IMO Saturday is still better since it gives people the weekend to listen. String quartets will be a very rich field.


----------



## Pugg (Aug 8, 2014)

KenOC said:


> IMO Saturday is still better since it gives people the weekend to listen. String quartets will be a very rich field.


I second this :tiphat:


----------



## D Smith (Sep 13, 2014)

^^ Agree with this, too. It's nice to have the whole weekend to schedule listening. I often take advantage of RDB's early Symphony post to listen to that week's work on Friday if I have the time.


----------



## Kevin Pearson (Aug 14, 2009)

I agree that Saturday gives the whole weekend to listen. I never refer to the actual list and depend on others posting about it in the Classical Listening thread. There are easily another hundred or two symphonies left to explore but I would be willing to make the switch to string quartets.

Kevin


----------



## techniquest (Aug 3, 2012)

> I agree that Saturday gives the whole weekend to listen. I never refer to the actual list and depend on others posting about it in the Classical Listening thread. There are easily another hundred or two symphonies left to explore but I would be willing to make the switch to string quartets.

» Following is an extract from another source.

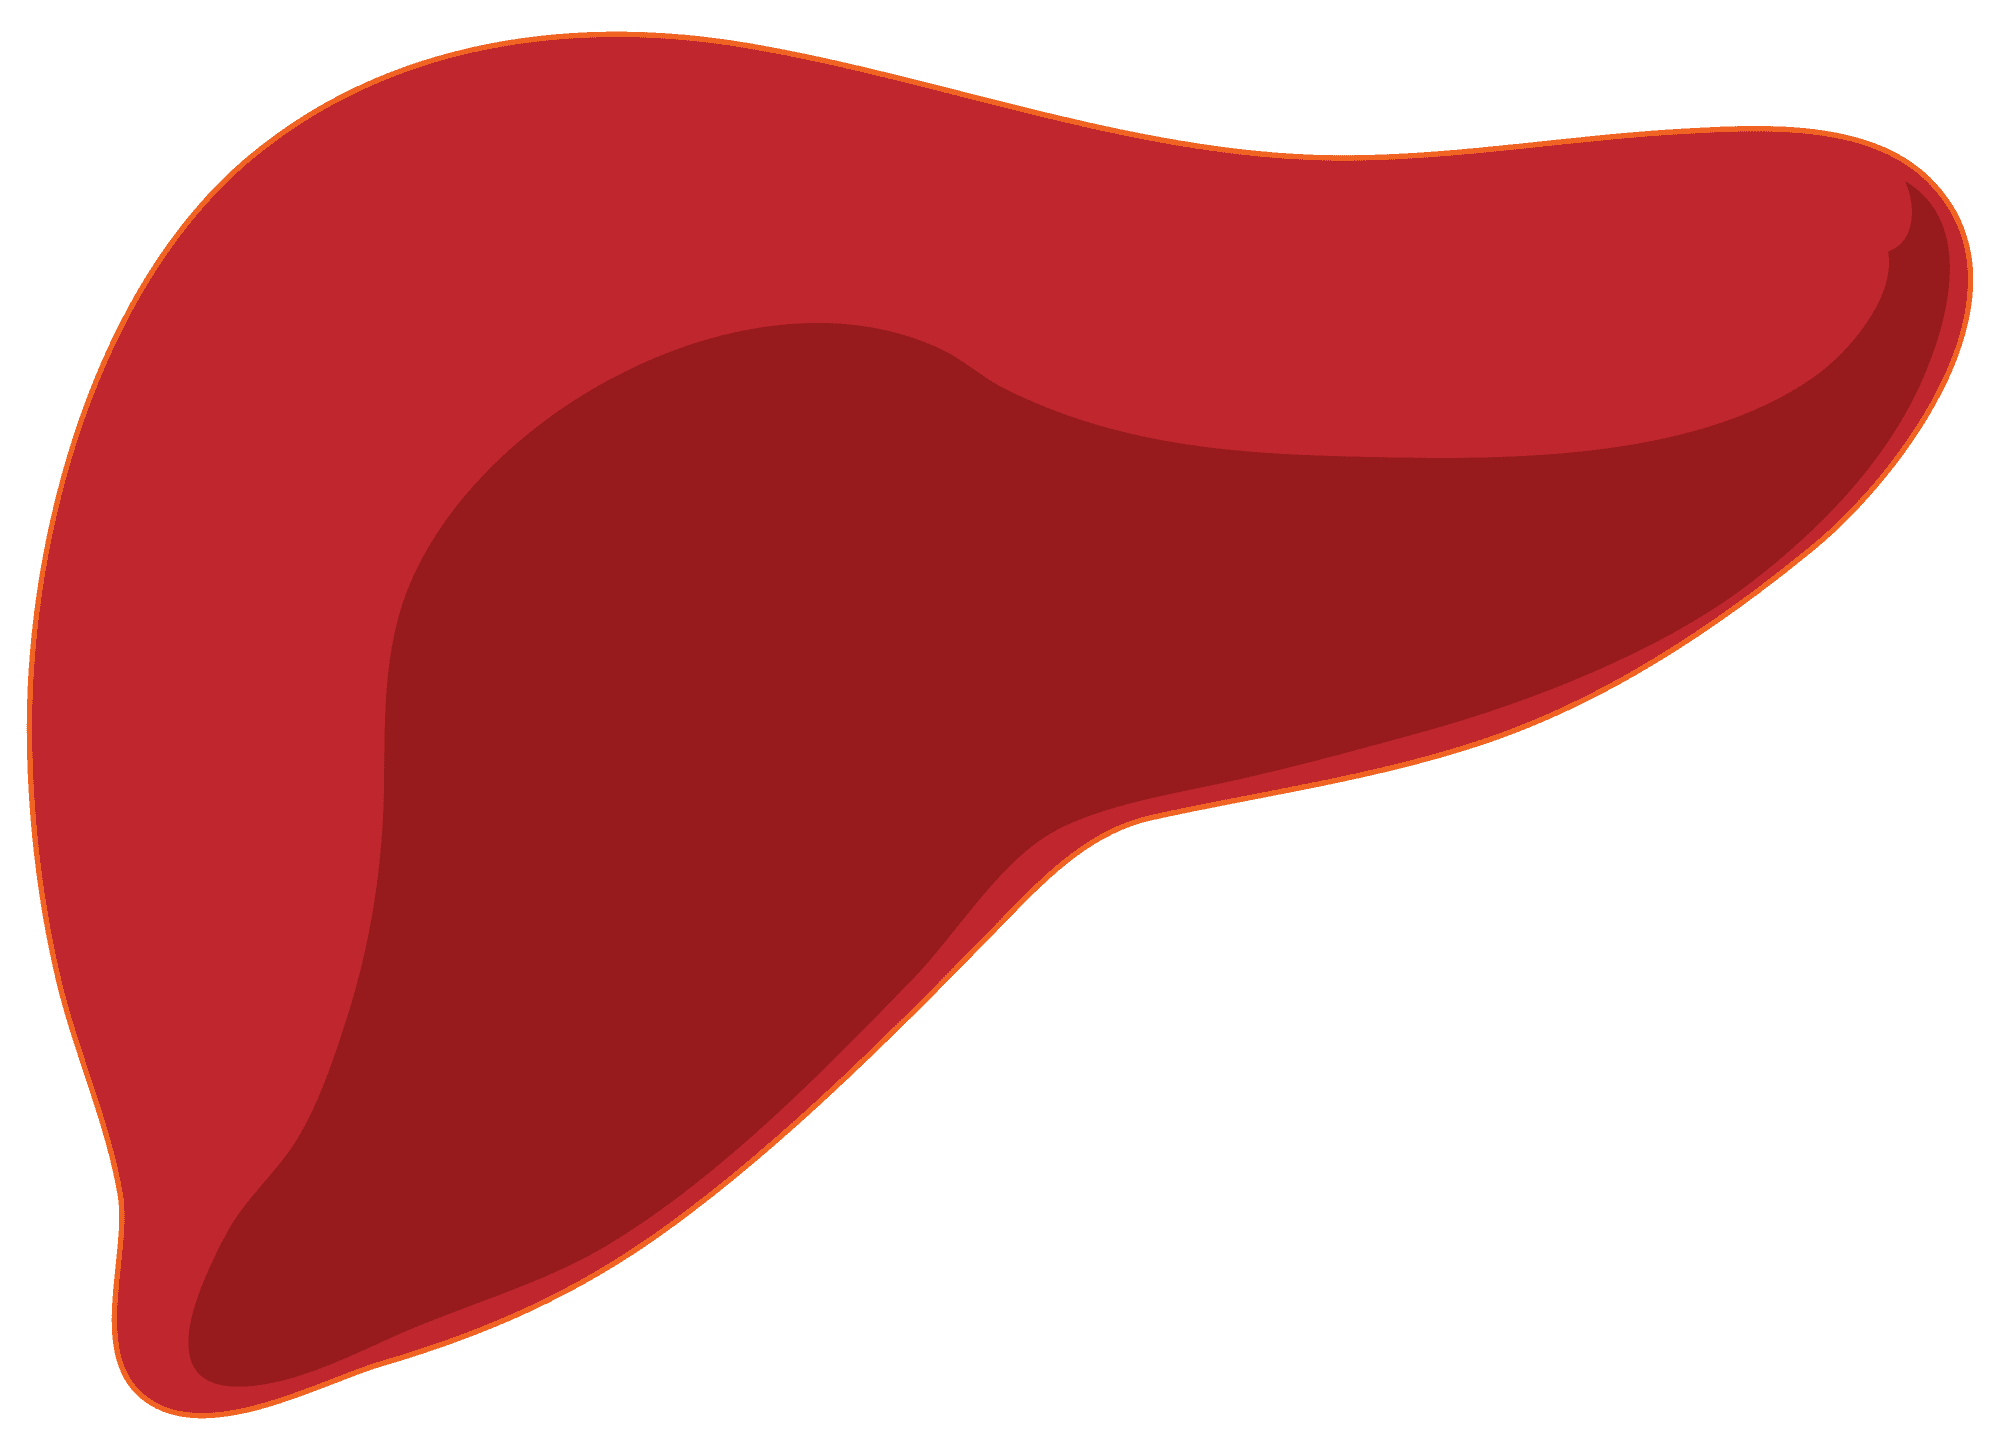 Liver liver food

If someone wants to create and maintain a thread for string quartets, then why not? Aliteration isn't compulsory so it could simply be the 'weekend string quartet', or 'concerto', or this week's opera, cantata, sonata, tone poem....whatever. There will be those interested in some or all of these possibilities, there are others who won't. Personally I'm just happy that the Saturday Symphony is to continue as this is my particular favourite classical music format.


----------



## realdealblues (Mar 3, 2010)

Skilmarilion said:


> That thread was from a fair while ago ...
> 
> http://www.talkclassical.com/33405-help-future-saturday-symphonies.html?highlight=
> 
> Any chance suggestions can still be put forward?

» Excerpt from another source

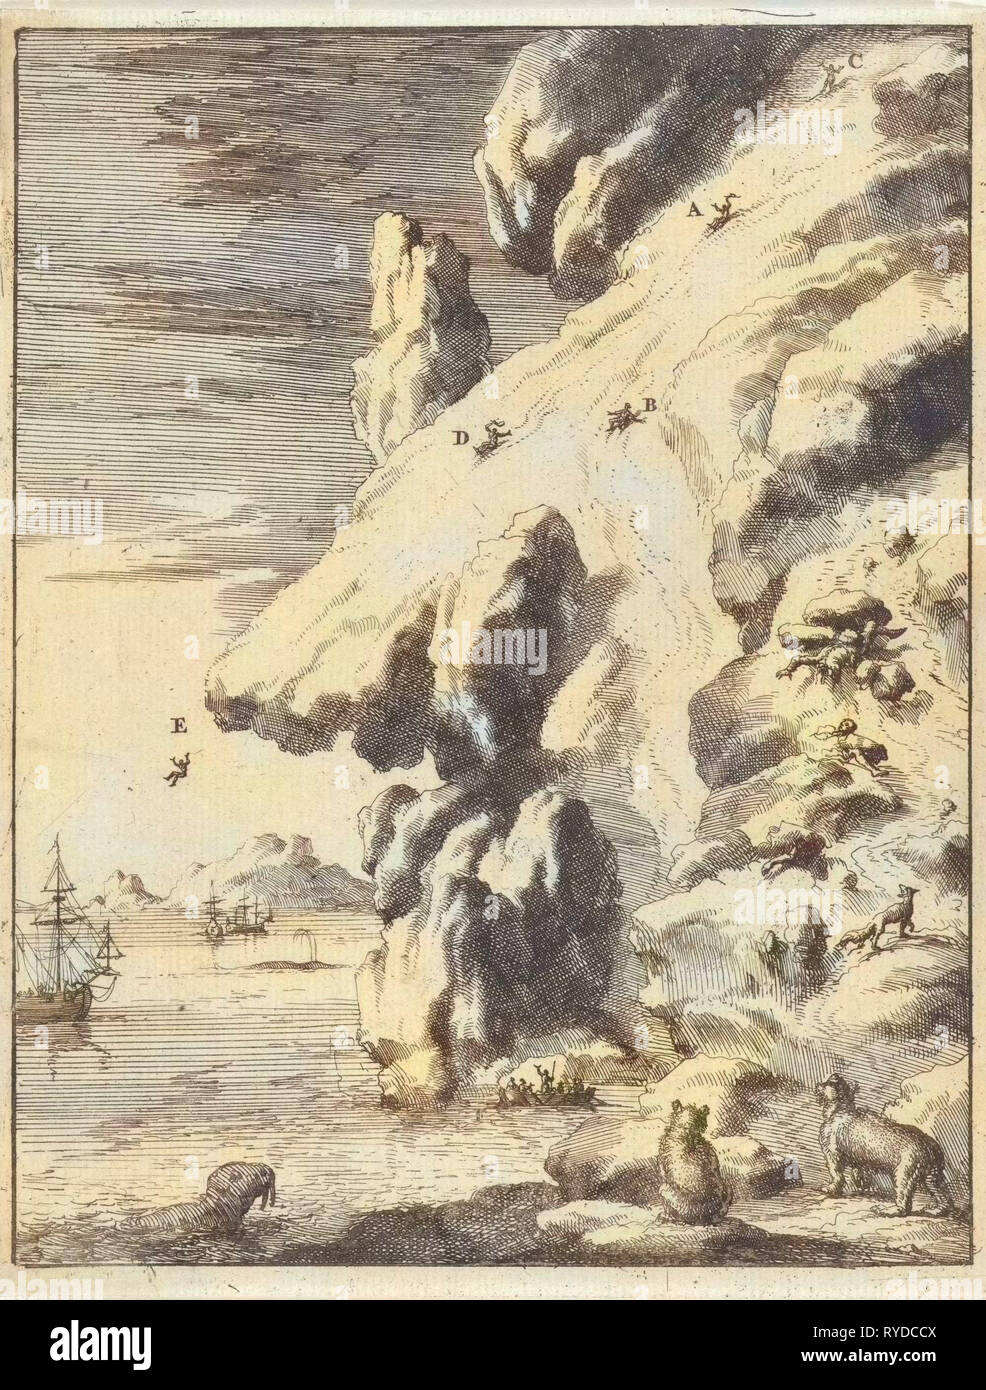 Mariners slip off an iceberg, Jan Luyken, 1684 Stock Photo

Sure, anyone can post on that thread if they want and I will add them to the list I have, or they can feel free to send me a private message with Symphonies that were missing and or Symphonies mentioned in that thread that they would like to add another vote for, etc.

I would also not be opposed to have a "Saturday Symphony Flashback Weekend" to revisit some of the great works we've already heard or for those that weren't around in the beginning to participate. Maybe one weekend out of the month if people liked that idea. Feel free to let me know what you guys are interested in and I will keep it going as long as I am able to.


----------



## shadowdancer (Mar 31, 2014)

Avey said:


> I am very very interested in continuing this tradition with a *SUNDAY String Quartet thread*. Unless another is willing or interested in taking on (even if cooperatively), I am strongly considering taking that up.
> 
> TQ, thanks for mentioning this. If there is sufficient interest in a SQ version, I would appreciate feedback in the thread or by personal message.
> 
> Having loved this practice, and finding myself (routinely) reverting back to the SQ list compiled in the past year since our adoption -- I think a SQ exploration would be a fitting sequel.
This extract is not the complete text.